THE Coffee Industry Board says it will be cracking down on the sale of fake Blue Mountain coffee, particularly in the island's resort areas.
Coffee Industry Board Chairman Delano Franklyn did not give a specific date when the newly formed Brand Infringement and Enforcement Taskforce would begin its job of monitoring and protecting the world-famous brand, offering only that the raids will be conducted "before Christmas".
Local gift shops, supermarkets and craft markets are the main targets of the authorities, who say they expect that more of the counterfeit products will appear going into the festive season.
"We have numerous reports from persons staying at some of our hotels that the taste profile of coffee purported to be Blue Mountain coffee is different from the... taste to which they are accustomed," Franklyn said at a press conference at the Coffee Industry Board office in Kingston yesterday.
He said that the board has been receiving complaints that people, both here and abroad, have been "passing off" beans from various origins as Jamaican Blue Mountain coffee, thus negatively impacting the brand.

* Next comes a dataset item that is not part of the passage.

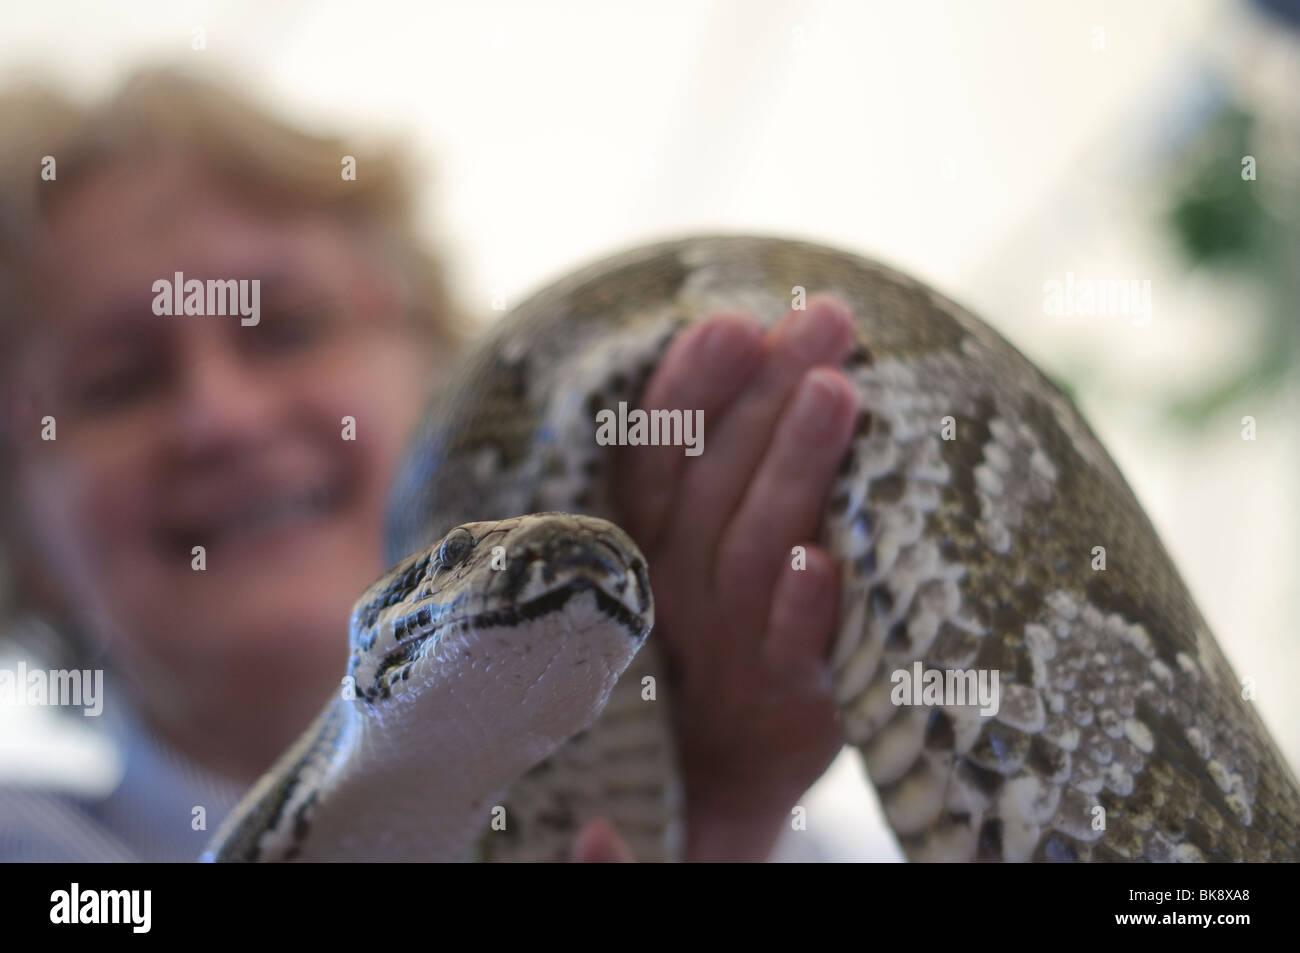 Mujer con Big Snake, centrarse en las serpientes jefe Imagen De Stock

Checks have also revealed that people have been misusing the Jamaican Blue Mountain coffee trademark, trading in Blue Mountain coffee and importing the commodity without a licence.
Upon close inspection of the products that falsely claim to have been "roasted and packaged by small farmers in Portland, Jamaica," the Observer found that some of the beans were actually packaged in the United States, Spain, and as far away as Germany.
Individuals caught trading in coffee that has either been illegally imported, or which violates the registered Blue Mountain Coffee trademark, can be fined up to $600,000 or sentenced to six months in prison.
The Coffee Industry Board, through its wholly owned subsidiary, Coffee Marls Limited, owns the Jamaican Blue Mountain coffee trademark.
In 2013, Jamaica's coffee production fell from more than 500,000 boxes annually, to just over 100 boxes due to the effects of a series of diseases and hurricanes.
Export earnings from the commodity have also fallen along with production. In the last two years alone, earnings fell by just under US$4 million, down from just over US$15.5 million in 2012.